On Wednesday, I received an urgent call on my business line telling me “Dear customer your computer is at risk. We are receiving errors and warning messages from your computer. Please press one to speak to the Microsoft Certified technician.” The obviously computer generated voice was telling that my computer had become infected and that there was a helpful technician only a button away to help me.
It was obviously a scam in an attempt to get me to give someone my credit card number and access to my computer. It is not a new fraud as it has been documented since at least 2012. In fact, according to Computer World, the US Federal Trade Commission (FTC) settled last year (May 2013) two of the six cases of fraud by deception they were investigating. Both Mikael Marczak of Virtual PC Solutions and Sanjay Agarwalla agreed to cease their operations. Argarwalla paid $3,000, the amount he received from his swindle. Both owe $984,721 in restitution that the FTC has stayed because neither has the money to pay with.
Both of these cases derived from the October 3, 2012 FTC announcement that it had launched an investigation into a tech support scam where telemarketers posed as Microsoft, or other major computer businesses, and conned unsuspecting users to give them access to their computers.
After gaining access to the computers, the fraudsters demanded payment to remotely fix the computers.
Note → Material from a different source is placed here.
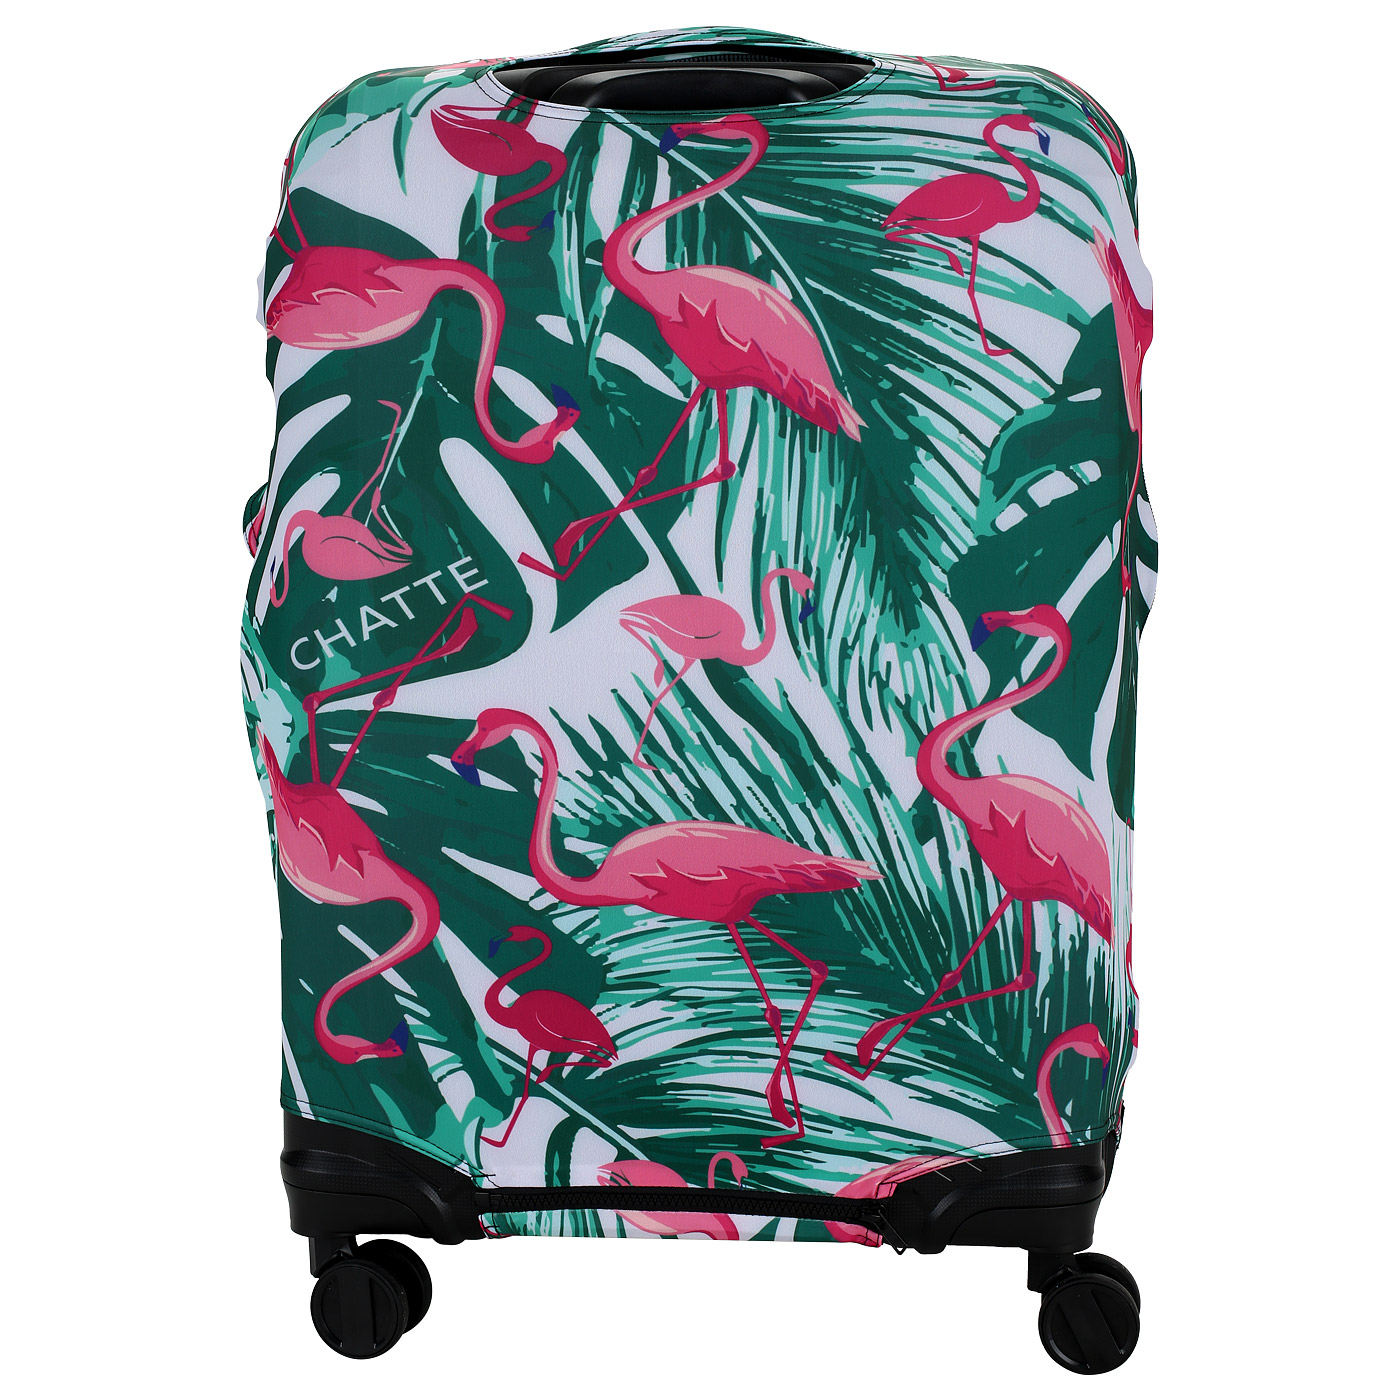 Чехол для чемодана с тропическим принтом Chatte Flamingo

Their “fees” ranged from $49 on up to $450 to “fix” the computer.
As evidenced by the call I received it looks like the swindlers are back at it again.
I missed the call however; they kindly left me a message.
You can listen to it below.
The caller id listed a number in New York that I promptly called back. Apparently, my “infected” computer and their “concern” was so important that the number they dialed from ceased to stop working within one hour of me missing their “urgent” call. An automated system helpfully told me in Spanish that the number I had called “had been cancelled”.
It is important to remember that Microsoft, or any other company would unlikely call you to report “errors” or “viruses” on your computer. More importantly, any call you receive asking you for access to your computer should be promptly ignored. Give them access to your computer and you will never know what they did to it, or your files.